All this considered, I ended up feeling a bit annoyed. I mean, the other books by the author felt good, I found them funny too but better. Is the problem only mine?
Anyway, this story has interesting elements, the idea that new vampires have a sort of guidance in their sires and in the community that welcomes them is refreshing. I also liked that Jane keeps her personality, that she has friends and goals. I think I'd have liked to see more about the vampires as a society instead of colored scenes here and there that only existed for plot purposes. Again, another of my needs, I want a structured world to understand. I think this felt flat because of the silly parts.

I think the most serious things like Jane's thoughts about her new condition, about what it means to be a vampire, to have to look at things differently and the relationship to those she's close to, how it was affected, these serious things didn't get enough air time in my opinion. The way things are done is an obvious delay tactic - to be further developed in the next 3 books in the series certainly - and seemed there just to give the idea a thought. Not enough for me, and not well done.

There's the romance. I liked the idea of a sire looking for and trying to protect a new vampire. I liked the attraction between them. I think this is an interesting type of relationship to develop but they didn't seem to deal with it that well. Again, all the suggested funny things and the overall feel of the story kind of put this aside and I didn't really appreciate how things were done, nor did I believe much in their feelings, not the way it was shown to me at least.
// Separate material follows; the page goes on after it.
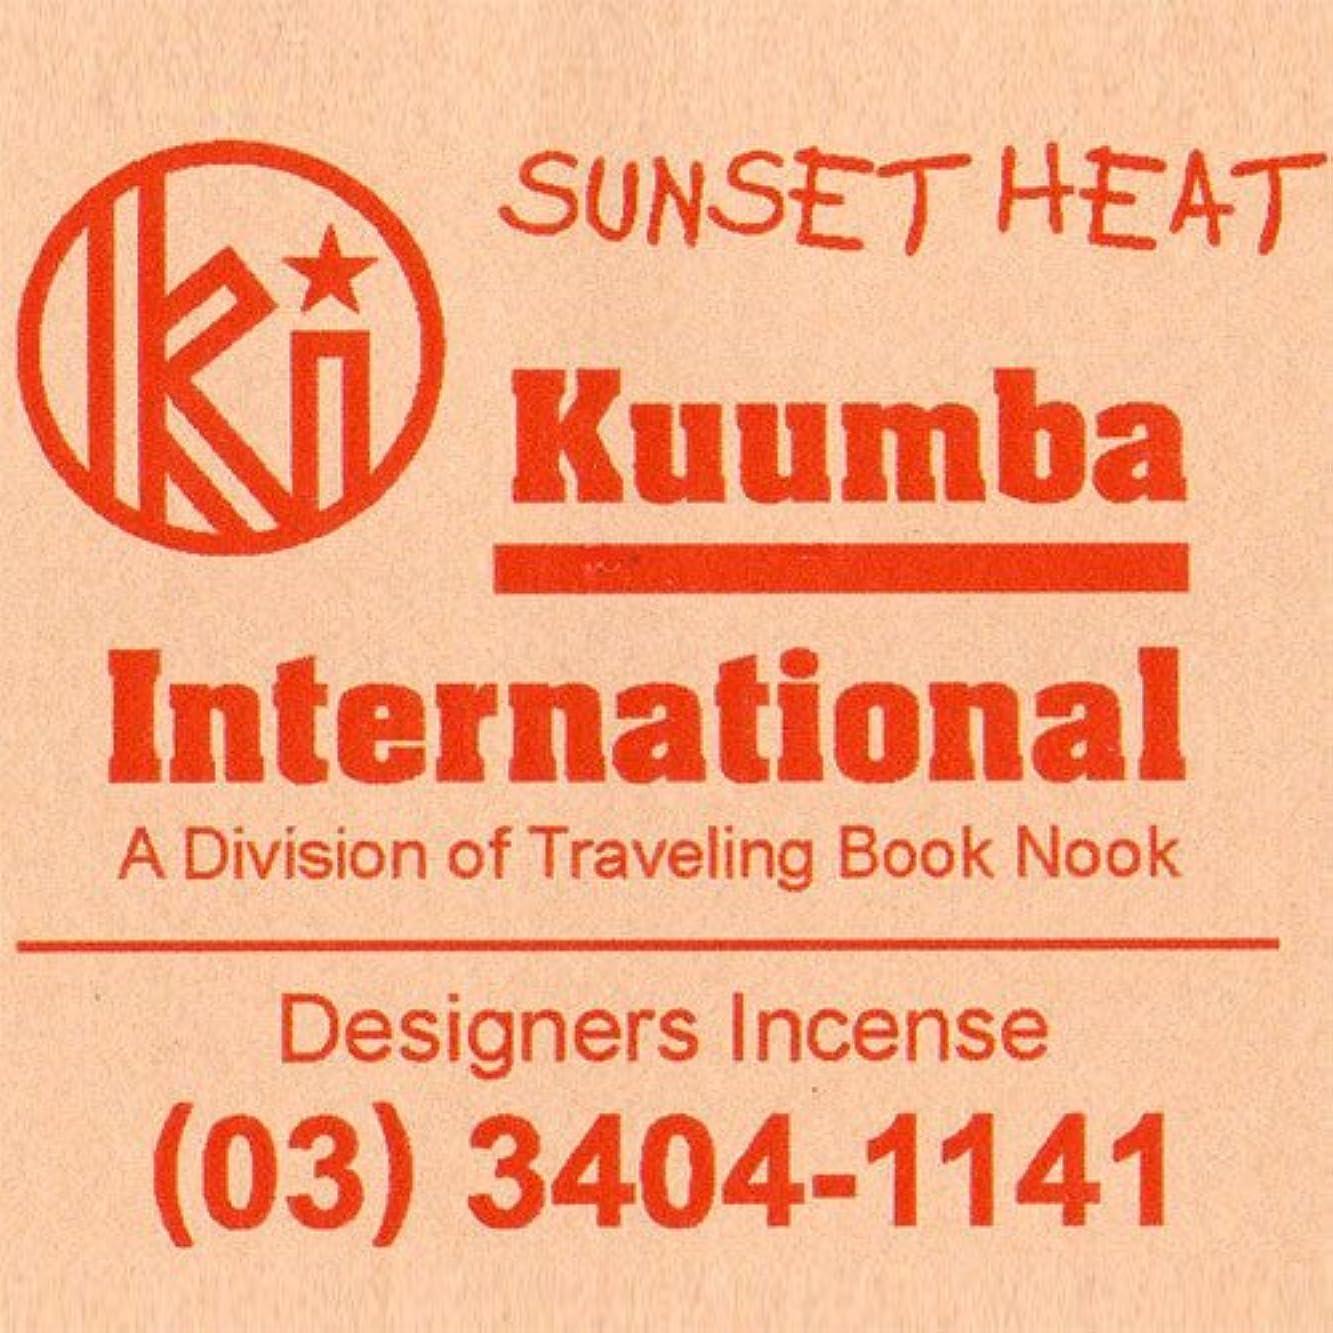 不毛欠陥ニュースKUUMBA / クンバ『incense』(SUNSET HEAT) (Regular size)

All in all, not the best of reads, despite the good parts - which exist I'll confess.
This made me decide to skip the rest of the series, I'm just not fully invested in Jane and her adventures, although I'm sad because she's a librarian an I like books about/with librarians.
I'll jump to the spin off instead. I hope that, with different couples as protagonists, the focus is more intense on them and their lives because it needs a finished book to achieve a HEA more convincingly (I hope!).
As for this one, too bad. I won't give on the author no, but I'm sad about this one.